10 March 2026 · 4 min read

AI drug discovery benchmarks: why pharma needs model evaluation discipline

Three big AI drug discovery launches in 90 days: Boltz, IsoDDE, OpenFold3. Every benchmark was built by the team that built the model. The real question isn’t which model has the best benchmark. It’s whether discovery teams have a rigorous internal framework to evaluate any model that shows up. The real moat is evaluation discipline.

Author

Christian Hein

Last updated

6 May 2026

Artificial Intelligence Machine Learning Innovation Management Large Pharma Biotech Strategic Planning Pre-clinical research

TL;DR

The Model Wars: AI drug discovery model evaluation is becoming the strategic capability for pharma in 2026. One of the most consequential questions in AI drug discovery has nothing to do with which model has the best benchmark. The real question: do discovery teams have a rigorous way to decide what to trust? In the last 90 days alone: Boltz launched (open-source, 100,000+ scientists), Isomorphic unveiled IsoDDE (claiming 2x AlphaFold 3), OpenFold3 went federated with five pharma companies. Every benchmark was built by the team that built the model. Then on March 2, a UCL preprint stress-tested Boltz-2 on 38,482 compounds and found weak top-100 correlation — exactly where lead selection costs sit. The teams that win will build internal capability to benchmark rigorously, integrate into a discovery stack, and swap tools as the field moves. The real moat is evaluation discipline.

The Model Wars: AI drug discovery model evaluation is becoming the strategic capability for pharma in 2026.

One of the most consequential questions in AI drug discovery right now has nothing to do with which model has the best benchmark. The real question: do discovery teams have a rigorous way to decide what to trust?

In the last 90 days alone:

Boltz launched on January 8 with a $28M seed round co-led by Amplify, Andreessen Horowitz, and Zetta Venture Partners, a Pfizer collaboration right of the bat, and open-source foundation models already used by more than 100,000 scientists.
Isomorphic Labs then unveiled IsoDDE, claiming more than 2x AlphaFold 3 accuracy on hard protein-ligand generalization tasks and binding-affinity performance above gold-standard physics-based methods.
OpenFold3 took a different route entirely, with five pharma companies joining a federated initiative to co-train the model on proprietary structural data without pooling the raw data itself.

Every one of these announcements came with impressive benchmarks. And every benchmark was constructed by the team that built the model.

Then on March 2, a preprint from UCL put Boltz-2 through a harder test: 38,482 compounds across two targets, benchmarked against the physics-based ESMACS protocol. The result is the kind of nuance this field needs more of. Boltz-2 looks useful for fast initial screening, but the study found only weak to moderate correlation globally and no significant correlation in the top 100 compounds, exactly where lead selection decisions get expensive. And even this datapoint deserves a grain of salt, given that it comes from a team whose own methods are the benchmark being compared against.

So the real question for pharma: do we have an internal framework to evaluate any model that shows up?

What does it do well, and where does it break? The Boltz-2 preprint is actually useful precisely because it maps the boundary. That level of specificity is rare and valuable.
Has it been tested on our target classes with our historical data? Two academic targets are not your pipeline. Internal benchmarking is the only evaluation that counts.
Does it fit into a real workflow, or is it another standalone demo?

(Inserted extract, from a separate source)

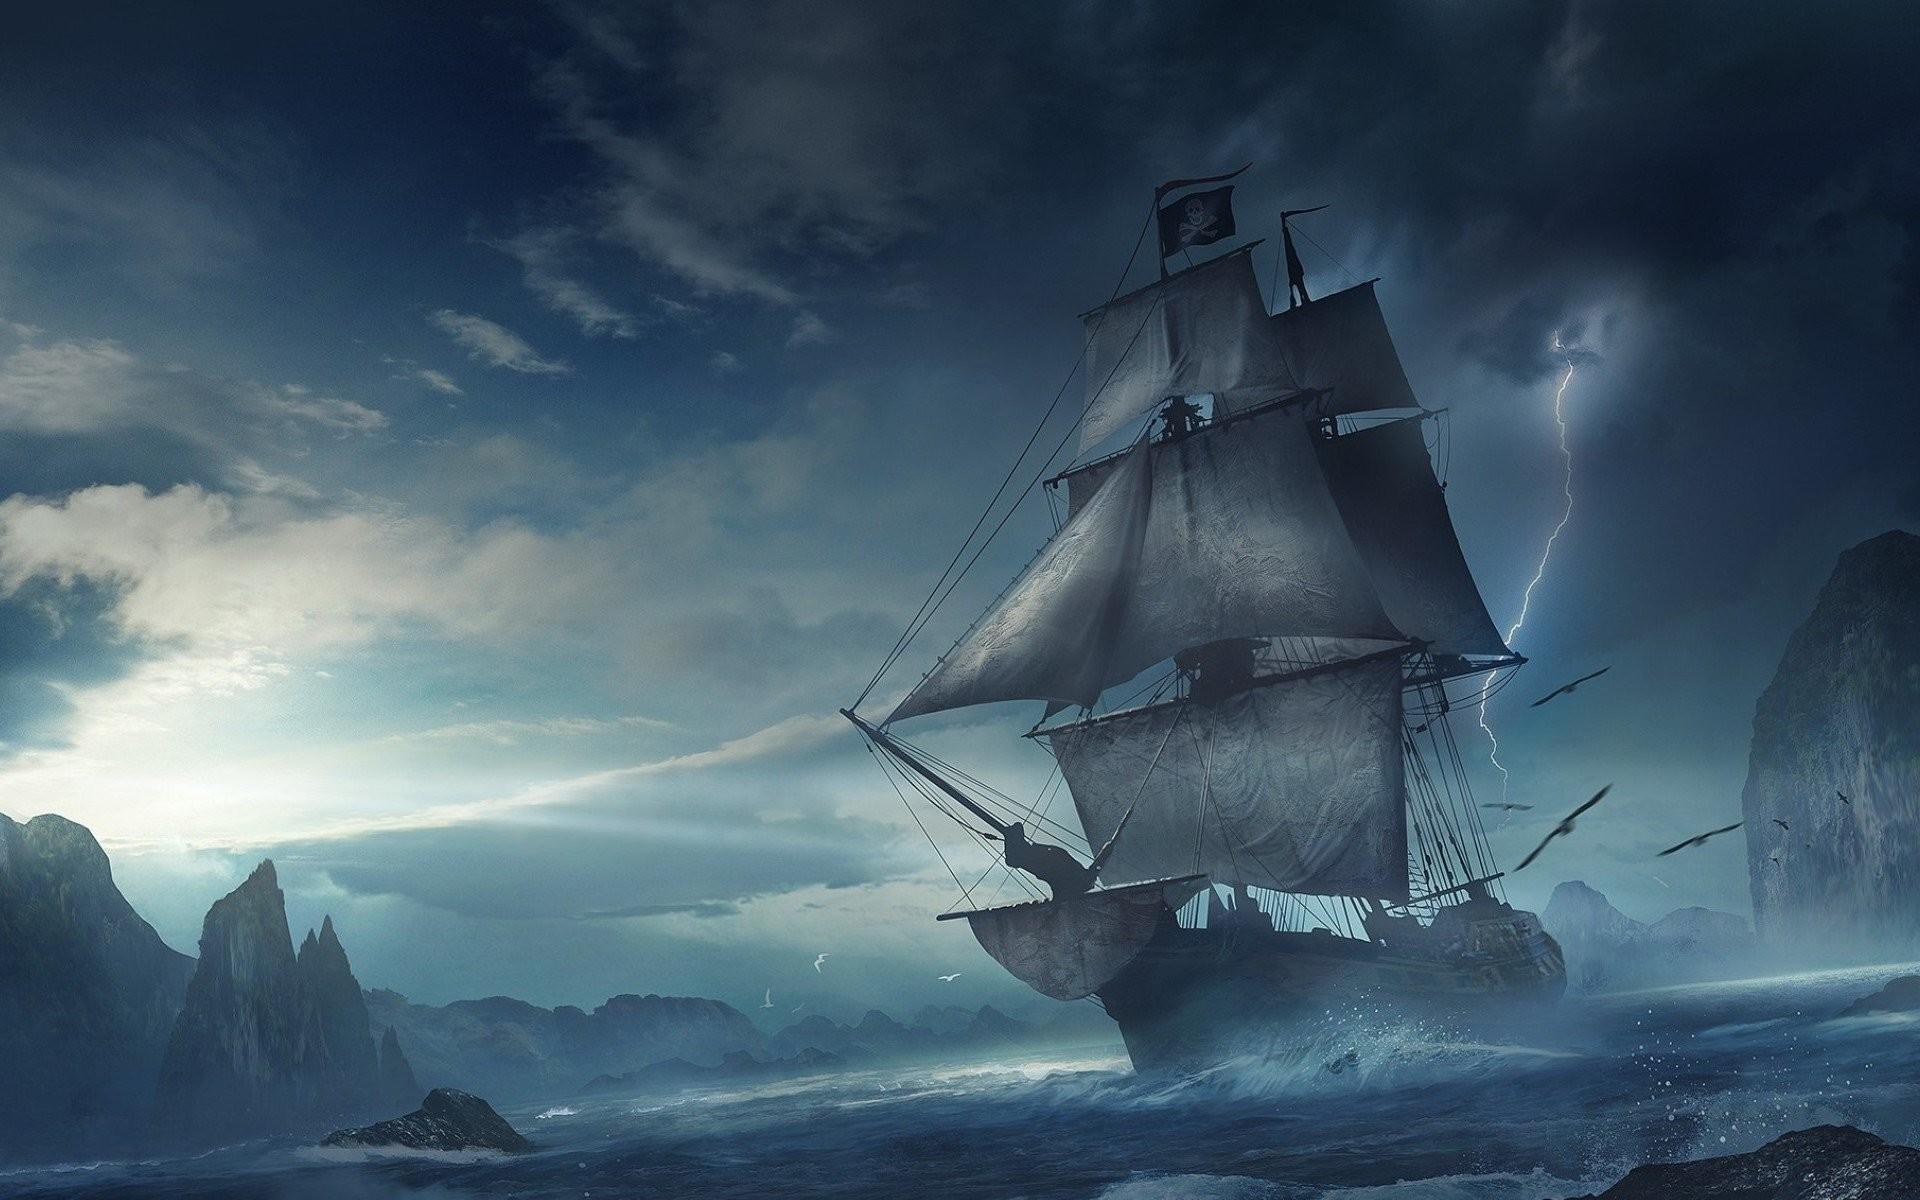 Res: 1920x1200, Ship Wallpaper

The teams getting this right are embedding AI into multi-step discovery stacks: AI triage, physics-based refinement, wet-lab confirmation.
Open, closed, or federated? Boltz is open-source. Isomorphic is closed and proprietary. OpenFold3 uses federated learning as a middle path. Each model tells you something about where value will accrue.

From where I sit, the teams that will win here are the ones building the internal capability to benchmark rigorously, integrate into a broader discovery stack, and swap tools as the field moves.

The model wars are just starting. The real moat is evaluation discipline.

Key takeaways

Three significant AI drug discovery launches in 90 days: Boltz (open-source, 100,000+ scientists), IsoDDE from Isomorphic (claiming 2x AlphaFold 3), OpenFold3 (federated with five pharma).
Every benchmark was constructed by the team that built the model. Self-reported wins are the default state of the field.
The UCL Boltz-2 preprint is a rare example of independent evaluation: useful for fast screening, weak top-100 correlation. The top 100 is exactly where lead selection costs sit.
No external benchmark substitutes for internal validation on your own target classes and historical data. Two academic targets are not your pipeline.
The teams getting this right embed AI into multi-step discovery stacks (triage → physics refinement → wet-lab confirmation), not standalone demos.
Open-source, closed-proprietary, and federated represent genuinely different value-capture structures. The architecture choice is a strategic signal.
Individual models will keep changing. Evaluation discipline is the durable capability. The real moat is internal benchmarking, integration, and tool swap.